Filter by Page Similarity

Added in version 1.11.0 updated in 2.8.0

Filter Response by Similarity to A Given Page

Version 1.11.0 adds the ability to specify an example page for filtering pages that are similar to the given example.

Version 2.8.0 updated the underlying algorithm from SSDeep to Simhash.

For example, consider a site that attempts to redirect new users to a /register endpoint. The /register page has a CSRF token that alters the page’s response slightly with each new request (sometimes affecting overall length). This means that a simple line/word/char filter won’t be able to filter all responses. In order to filter those redirects out, one could use a command like this:

./feroxbuster -u https://somesite.xyz --filter-similar-to https://somesite.xyz/register

--filter-similar-to requests the page passed to it via CLI (https://somesite.xyz/register), after which it hashes the response body using the Simhash algorithm.
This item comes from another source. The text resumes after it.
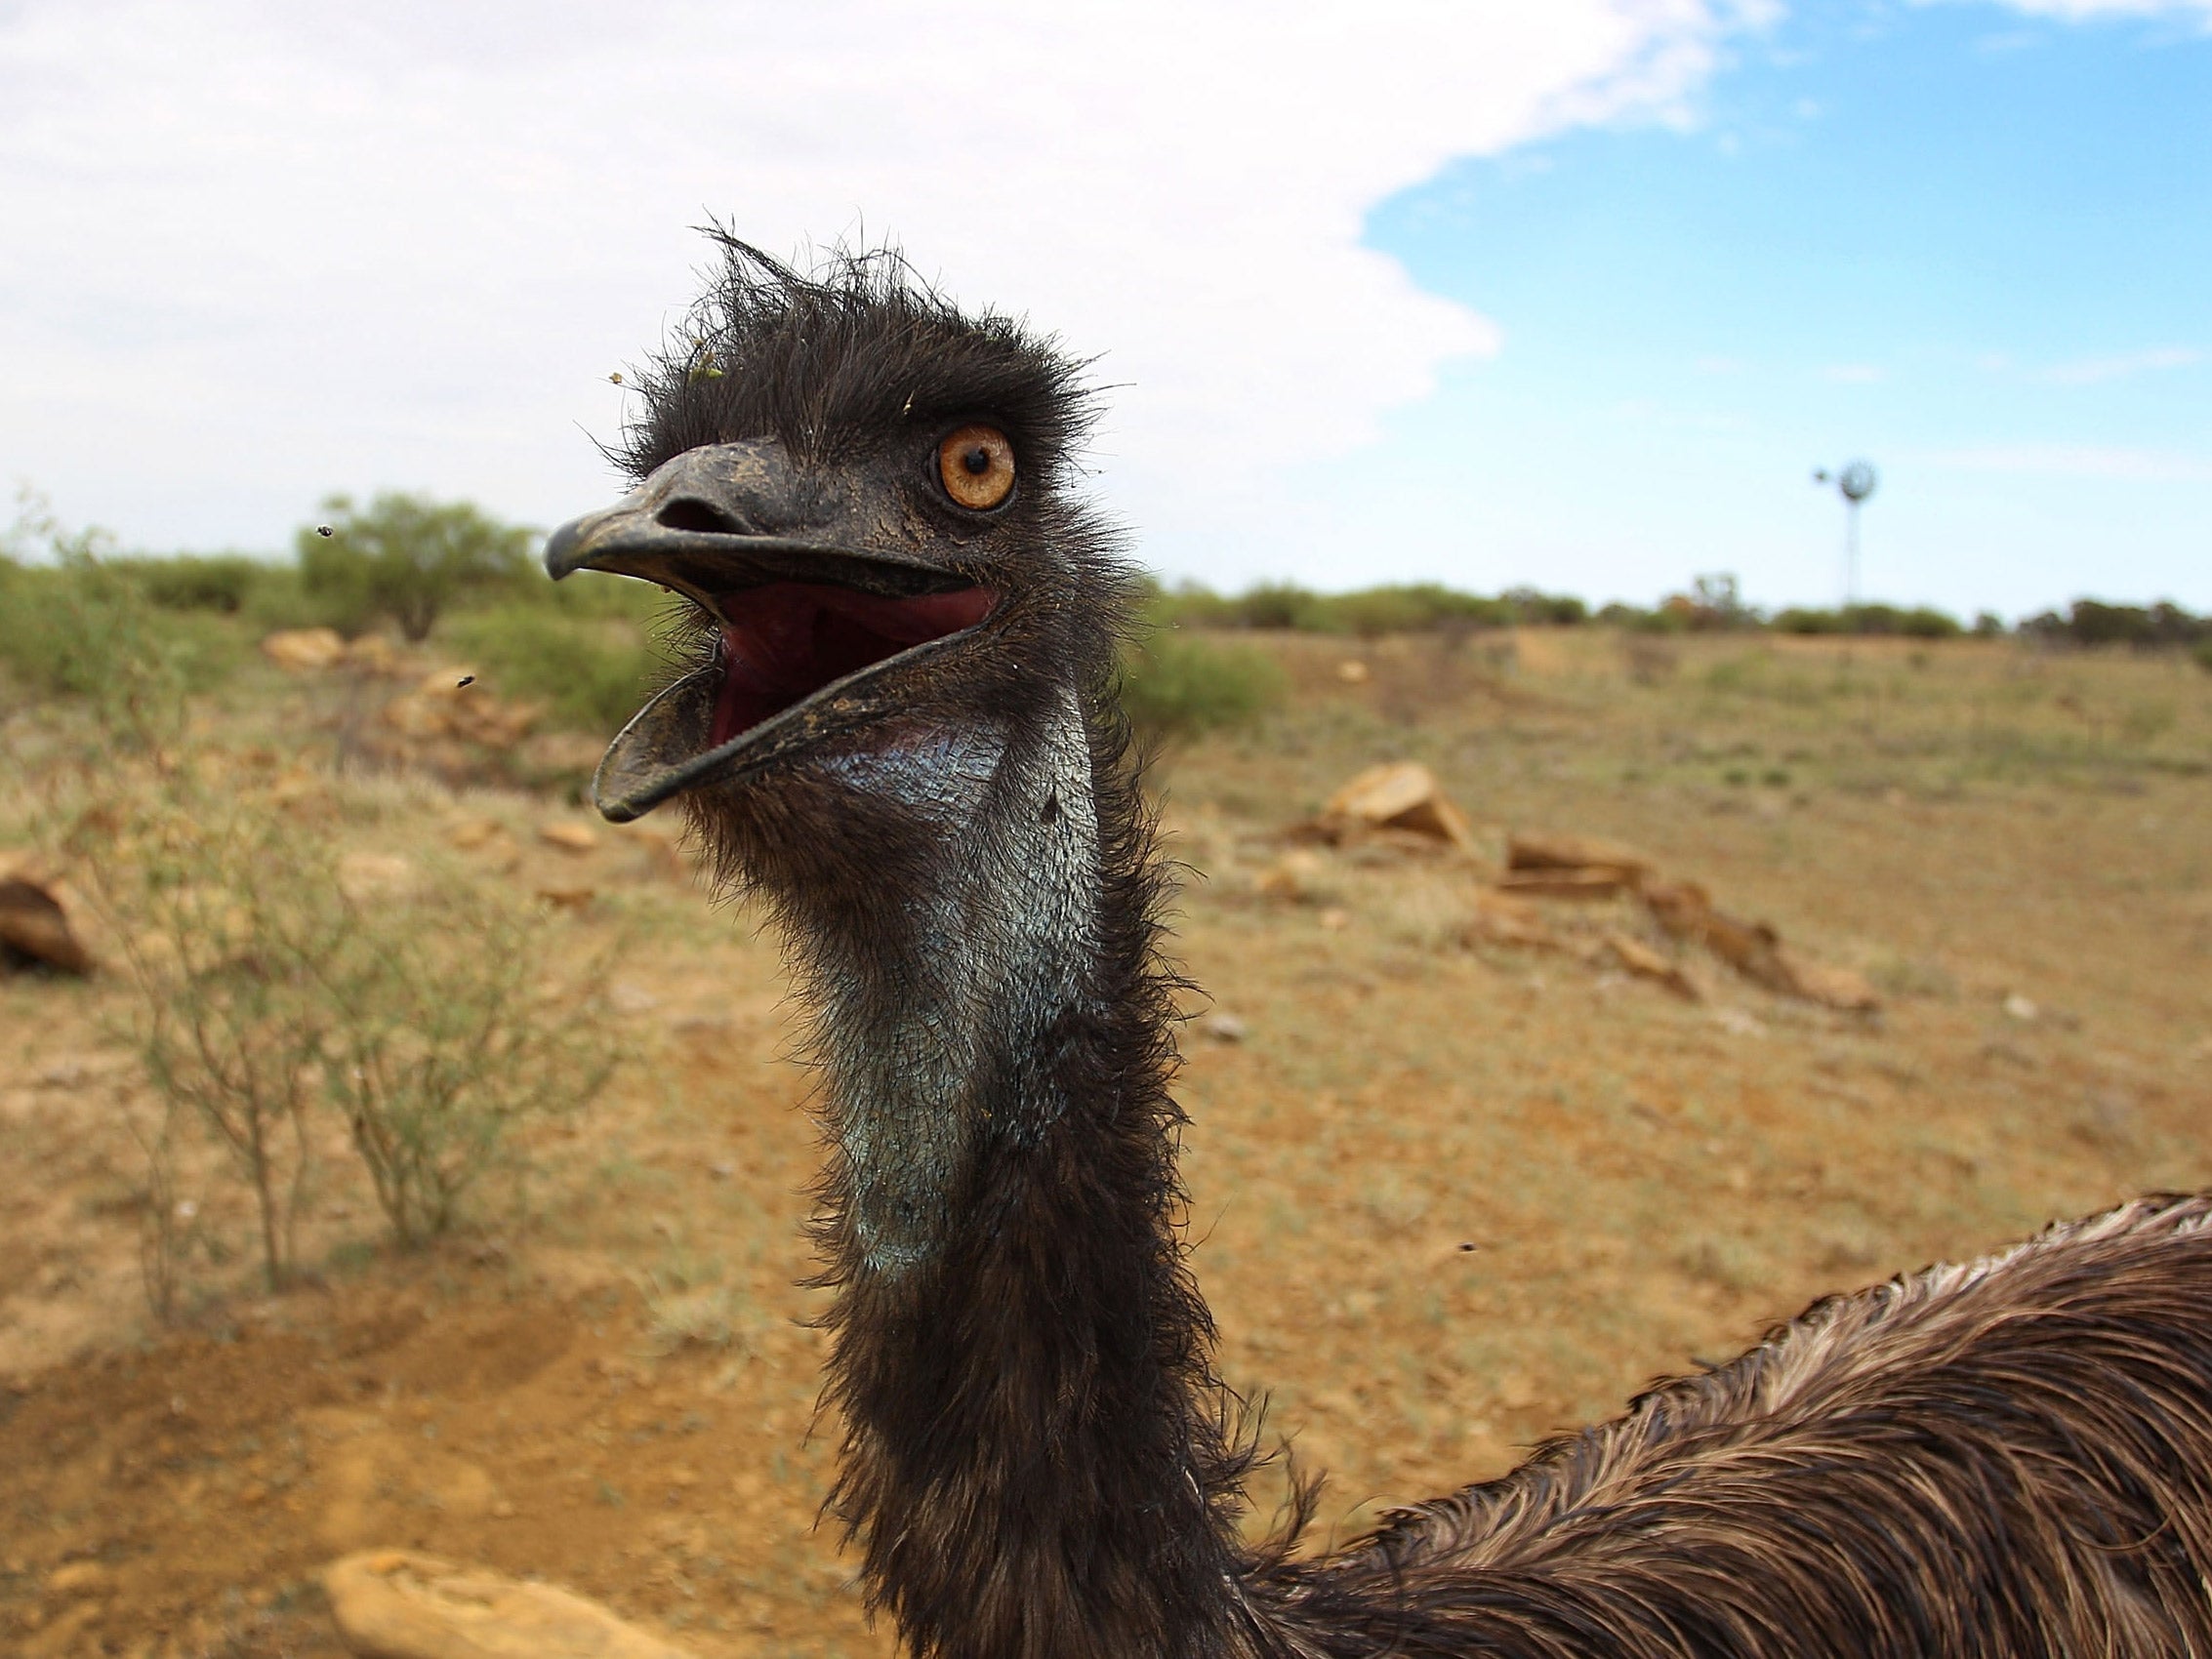 Emus can grow up to 1.9 metres in height, making it the world's second tallest bird after the ostrich

All subsequent pages are hashed and compared to the original request’s hash. If the comparison of the two hashes meets a certain percentage of similarity (currently a hamming distance <= 3) then that request will be filtered out.

Simhash was selected as it does a good job of identifying near-duplicate pages while remaining performant. Other algorithms were tested but resulted in huge performance hits (orders of magnitude slower on requests/second).